**ASSIGNMENT**
Please reproduce all of the listing below exactly and drop its images.

**DATA BELOW**
---------------

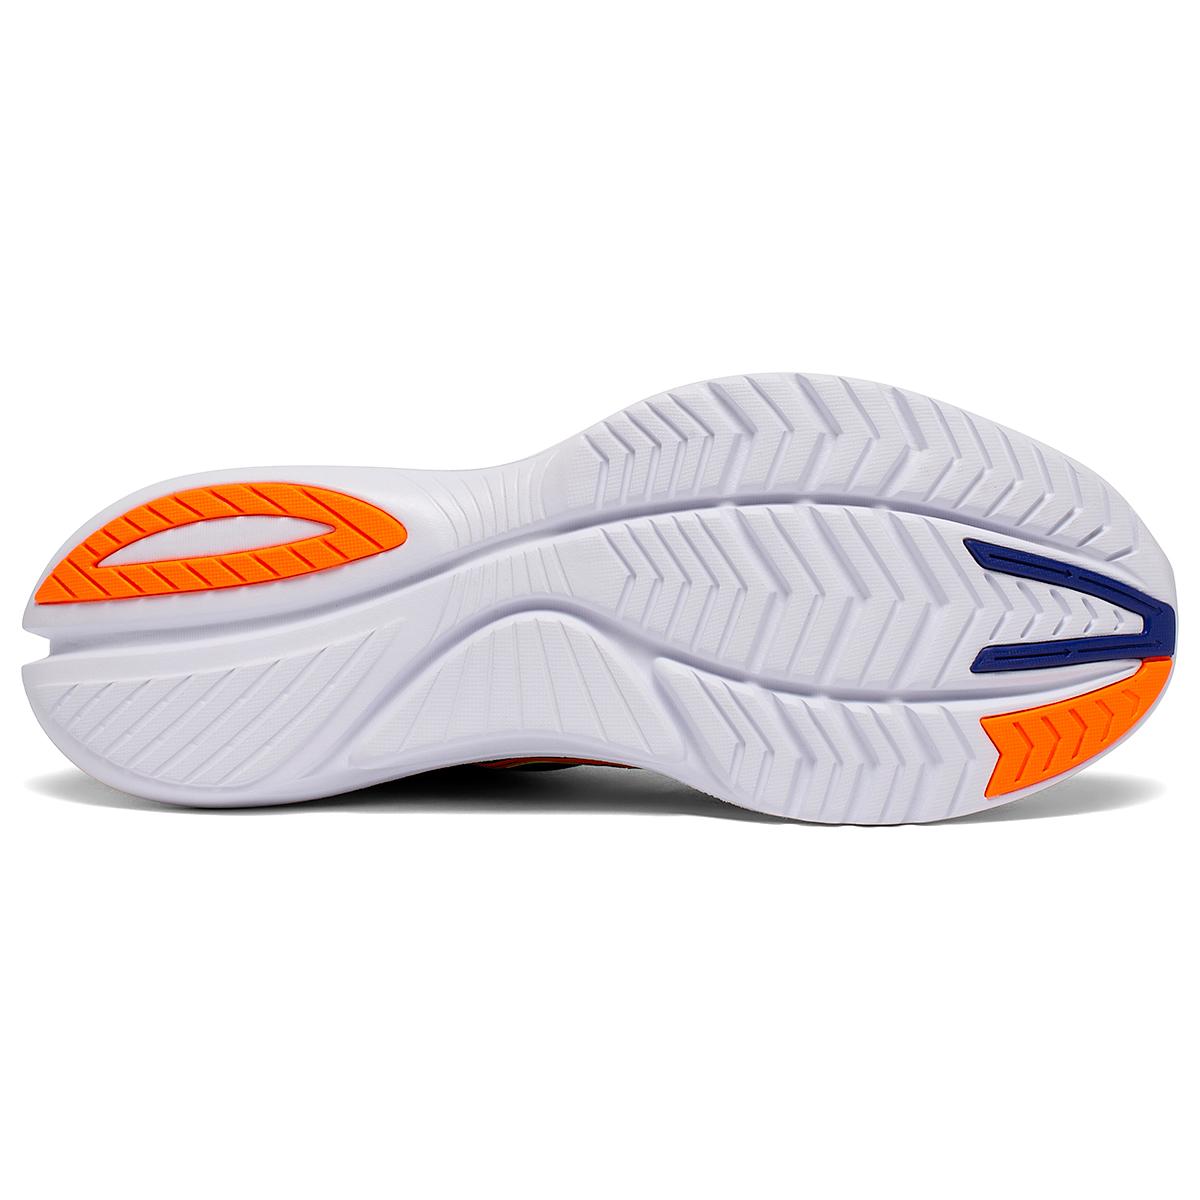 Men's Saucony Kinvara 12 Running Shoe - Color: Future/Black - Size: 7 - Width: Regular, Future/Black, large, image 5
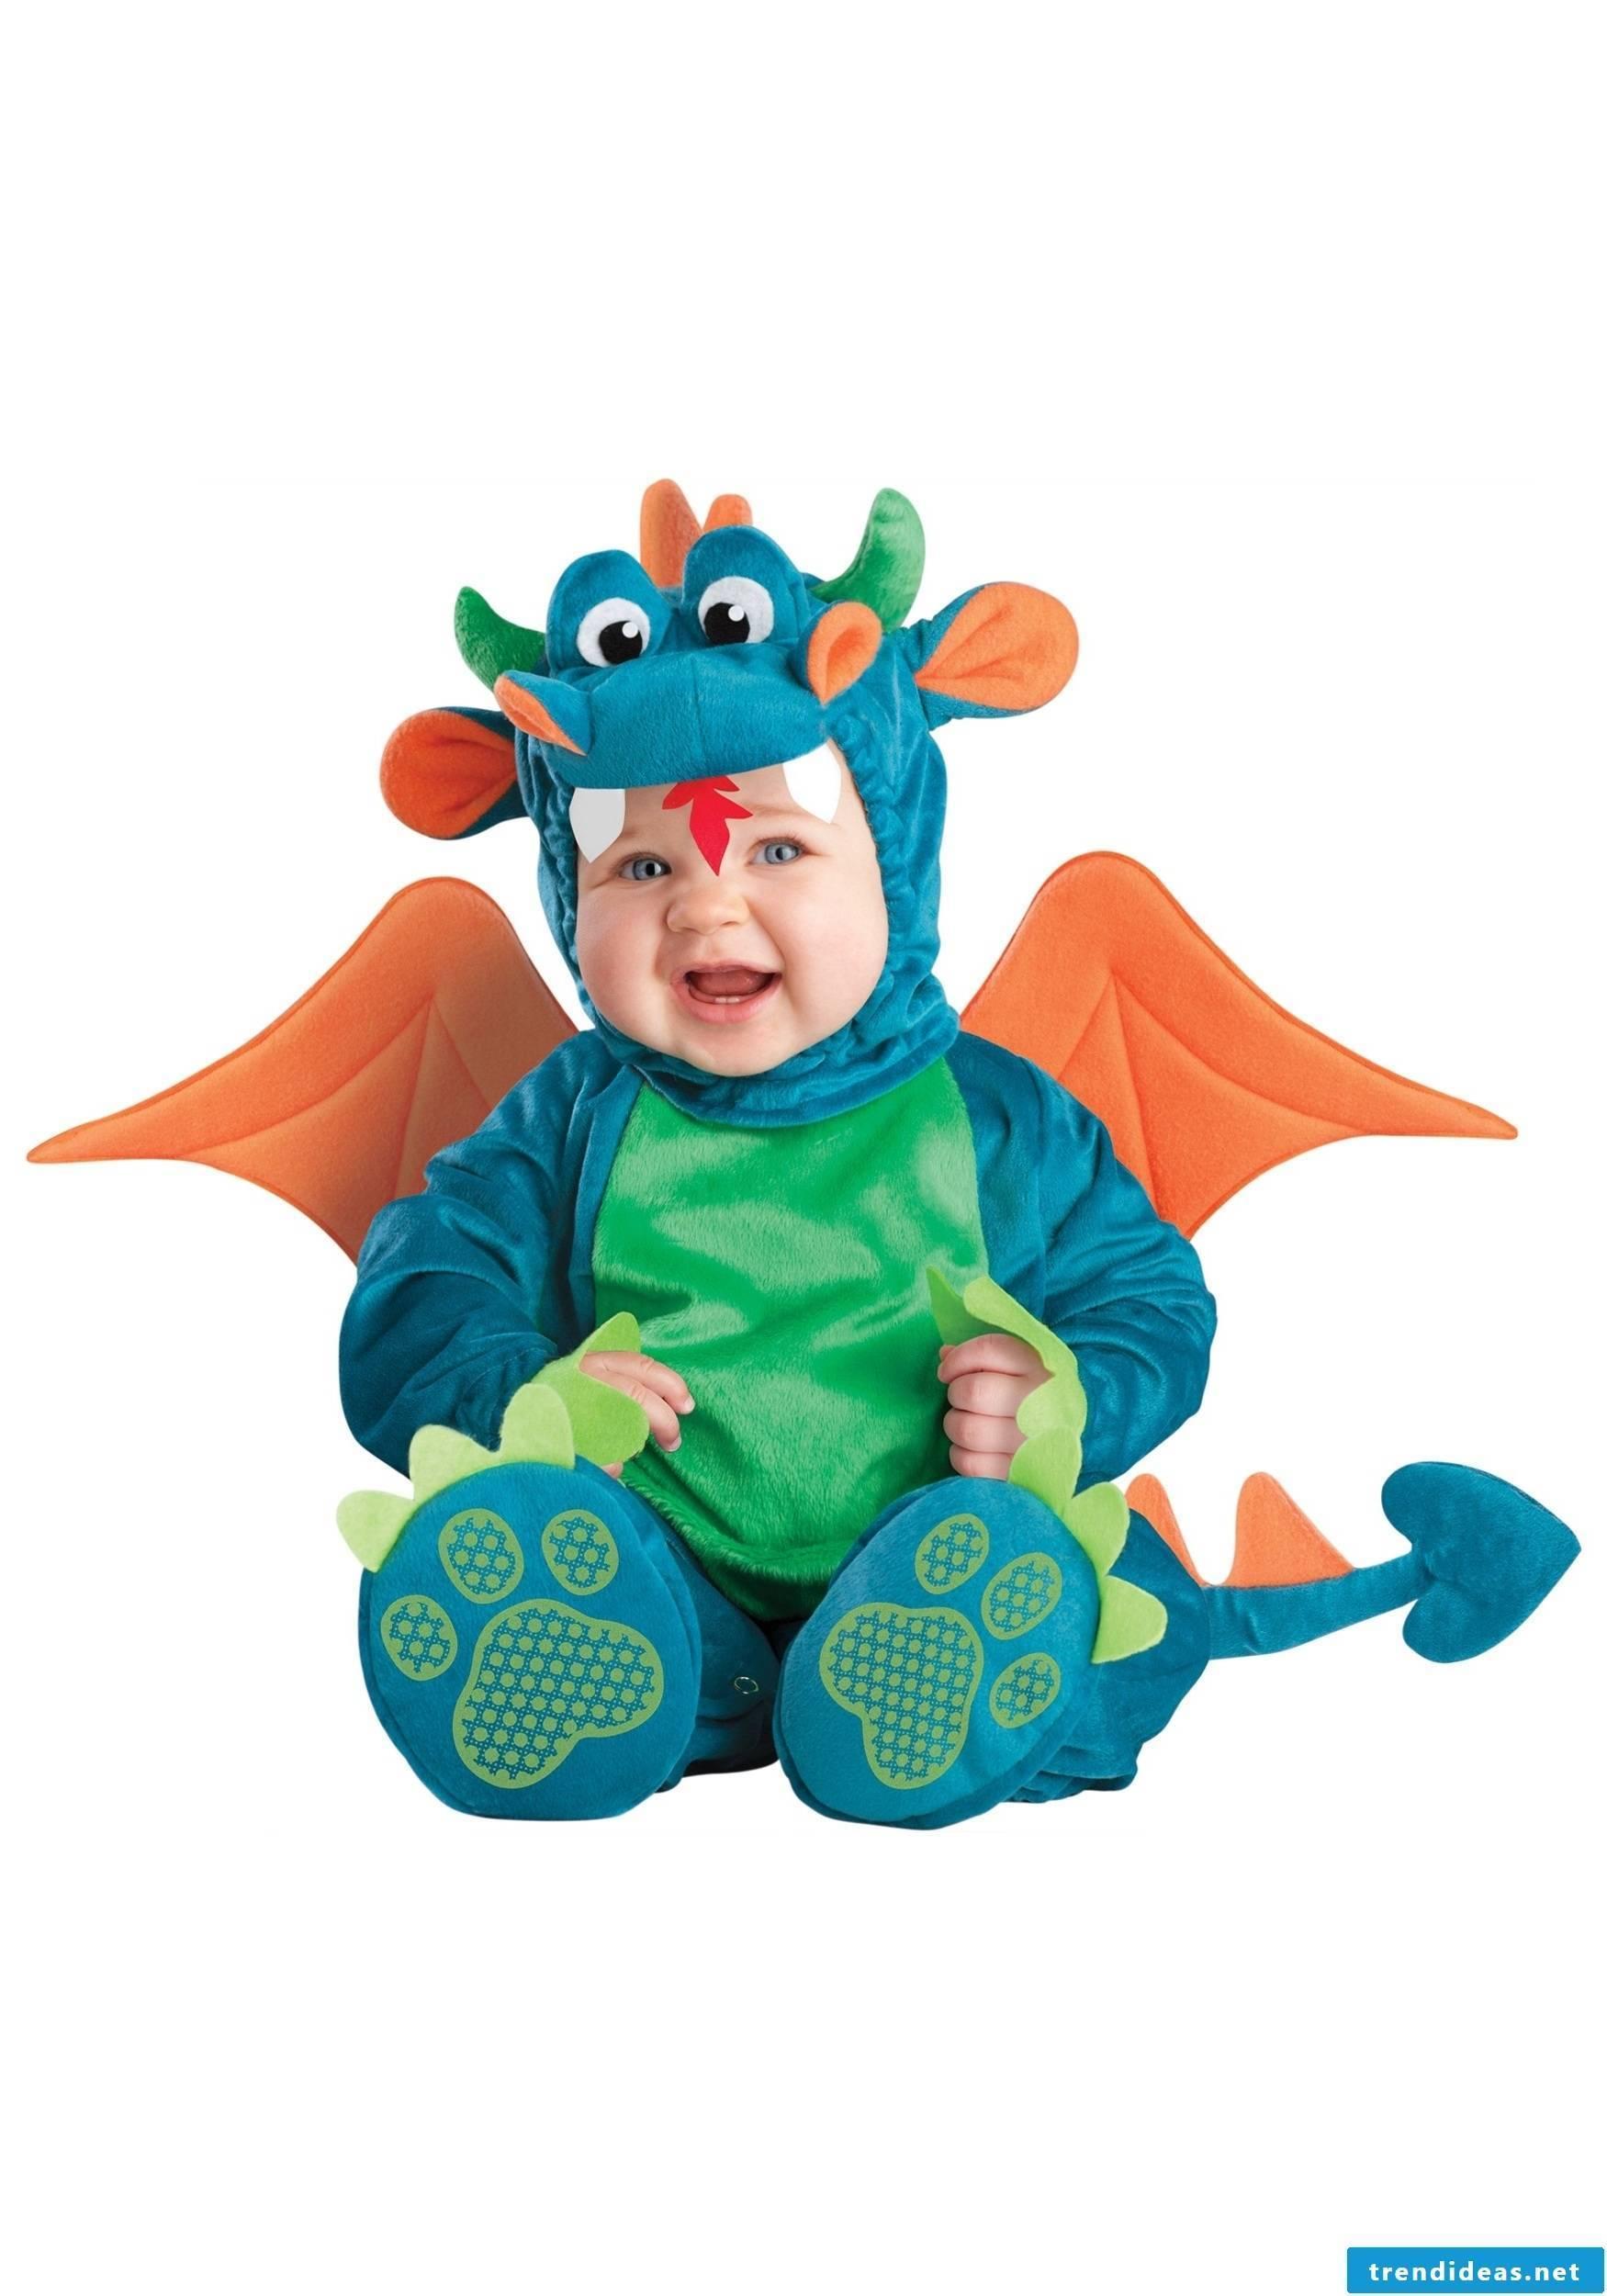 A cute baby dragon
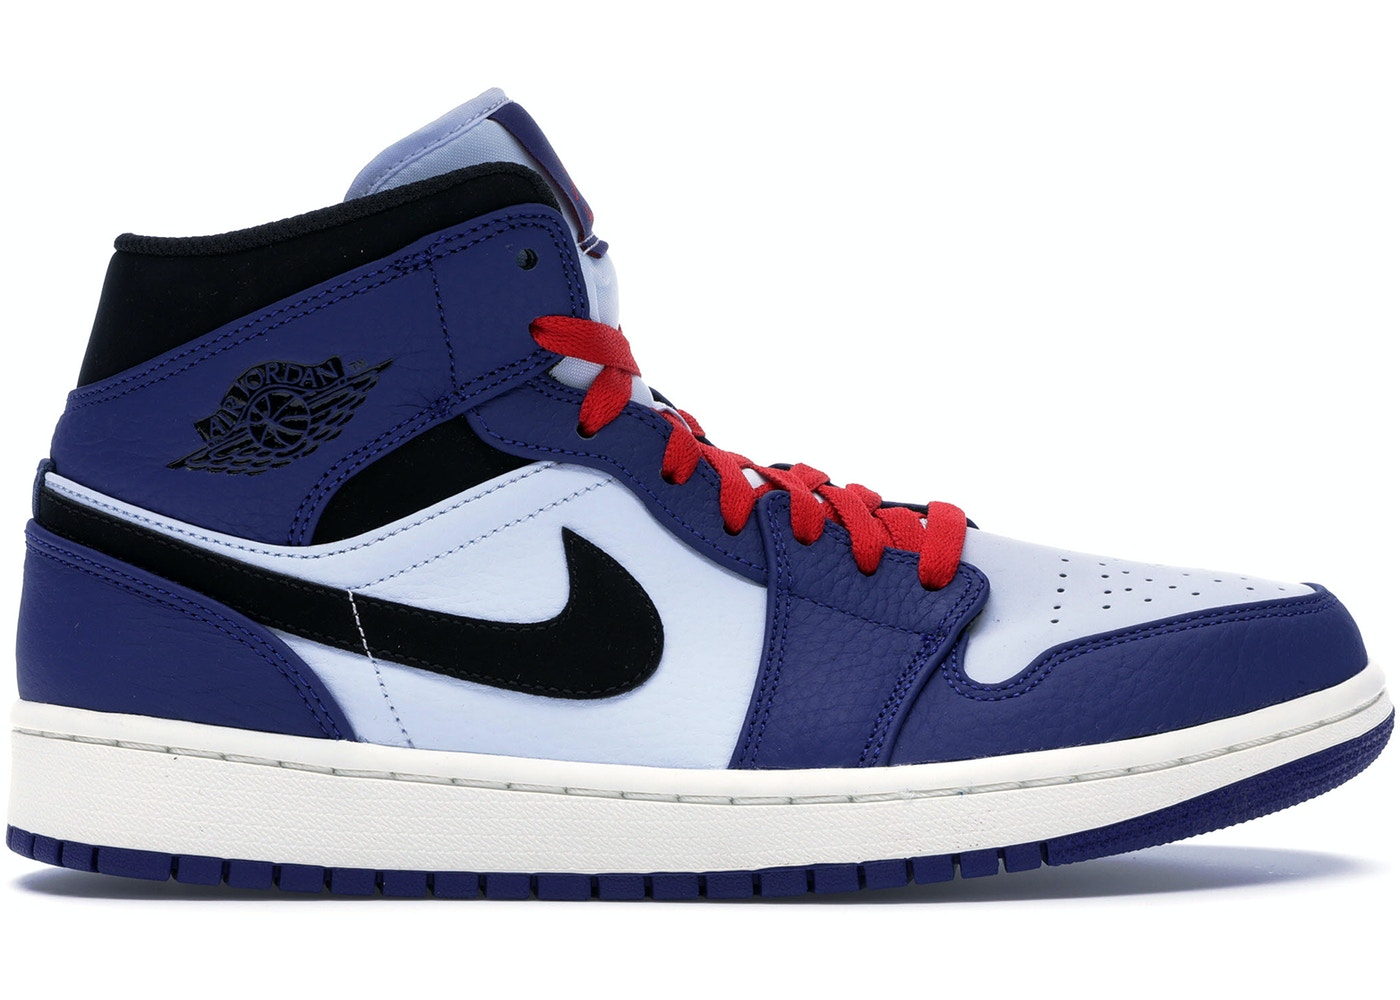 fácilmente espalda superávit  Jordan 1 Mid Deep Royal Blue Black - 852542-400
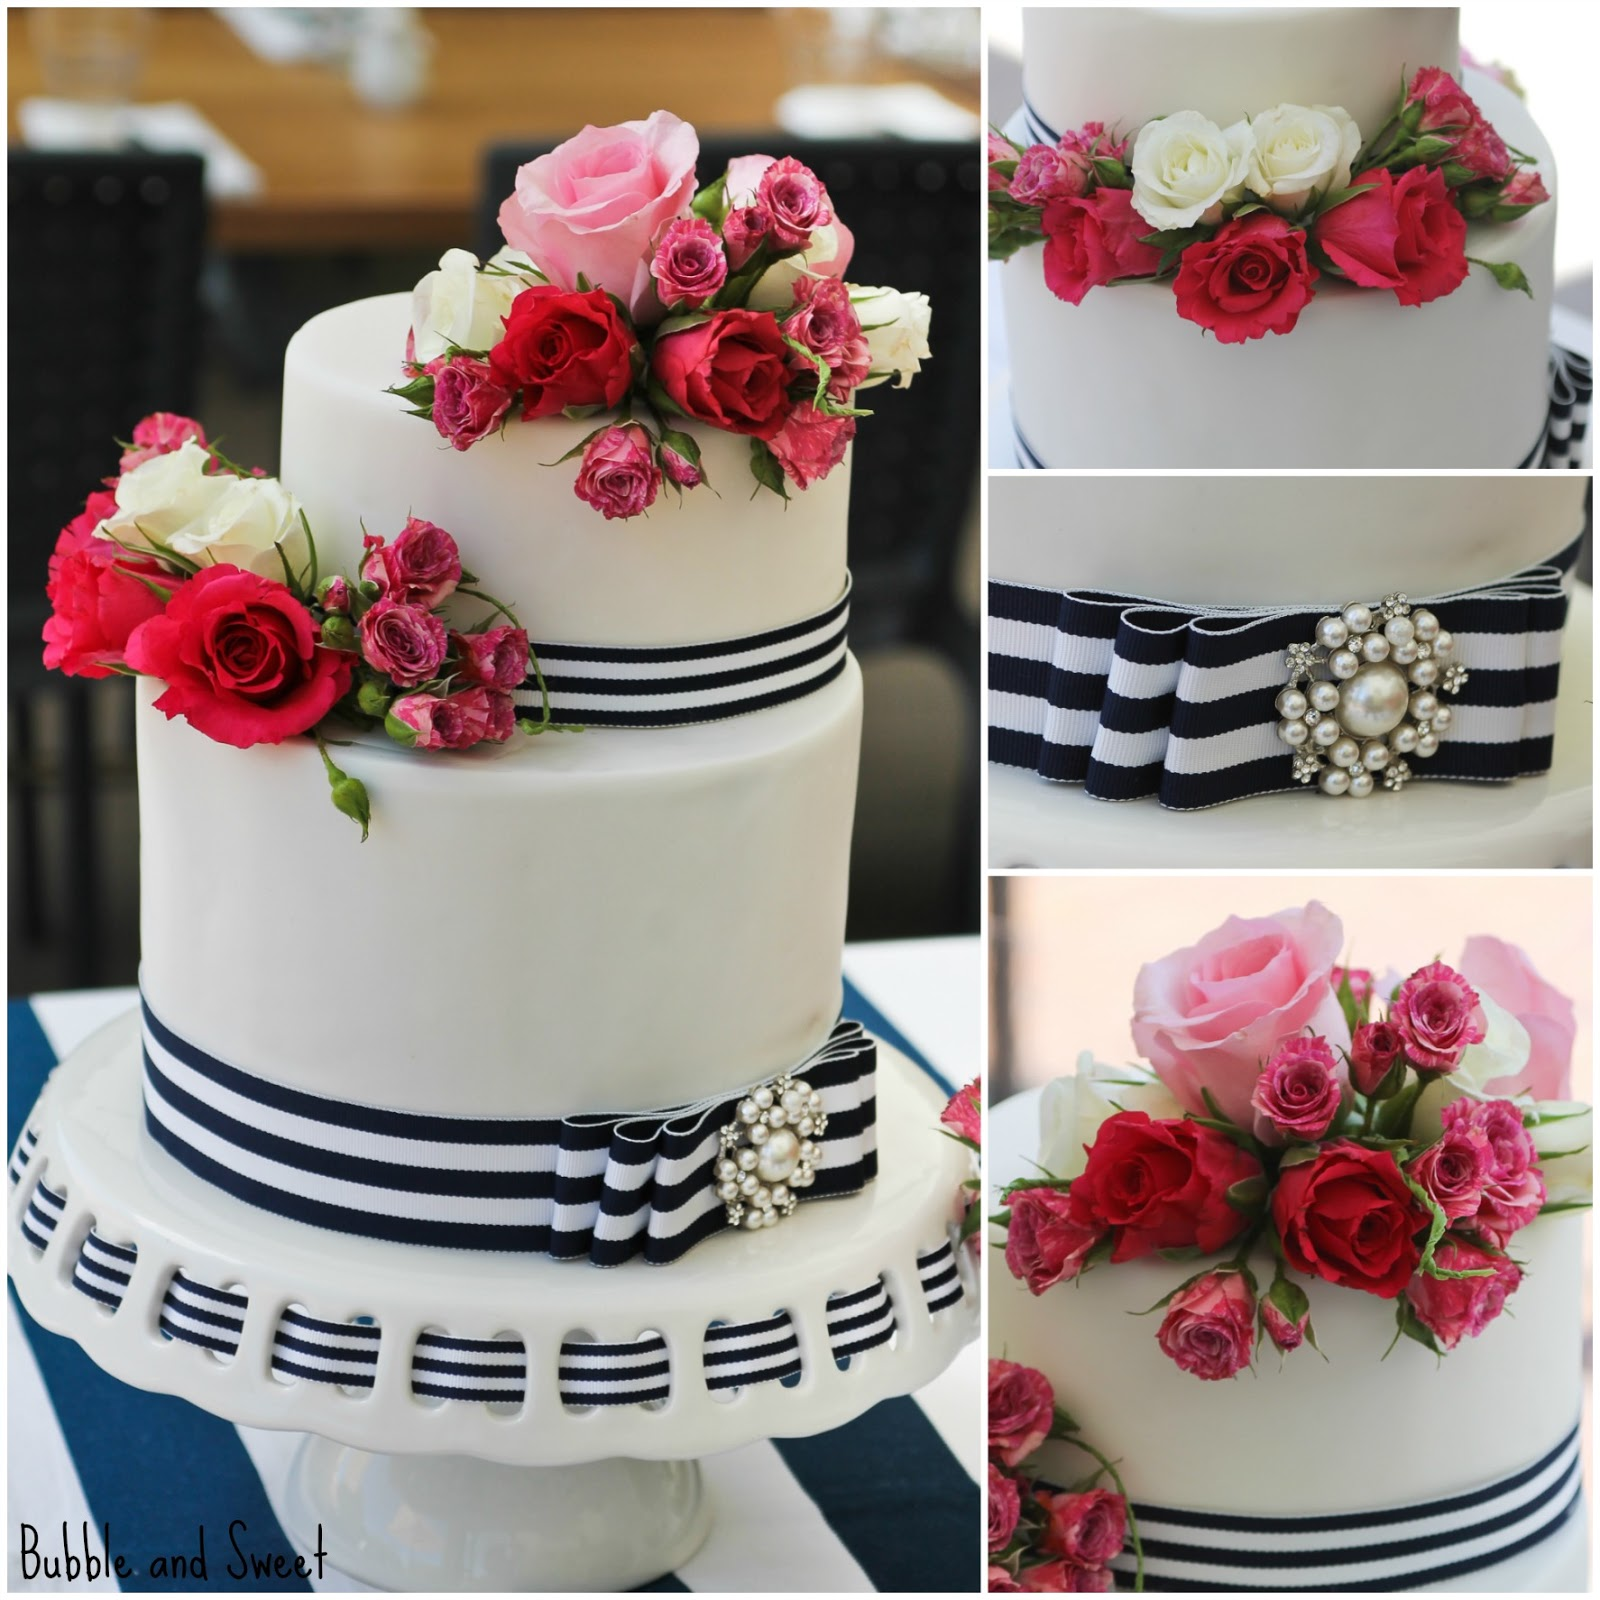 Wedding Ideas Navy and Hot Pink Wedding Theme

---------------

**EXPECTED OUTPUT**
 Men's Saucony Kinvara 12 Running Shoe - Color: Future/Black - Size: 7 - Width: Regular, Future/Black, large, image 5
 A cute baby dragon
 fácilmente espalda superávit  Jordan 1 Mid Deep Royal Blue Black - 852542-400
 Wedding Ideas Navy and Hot Pink Wedding Theme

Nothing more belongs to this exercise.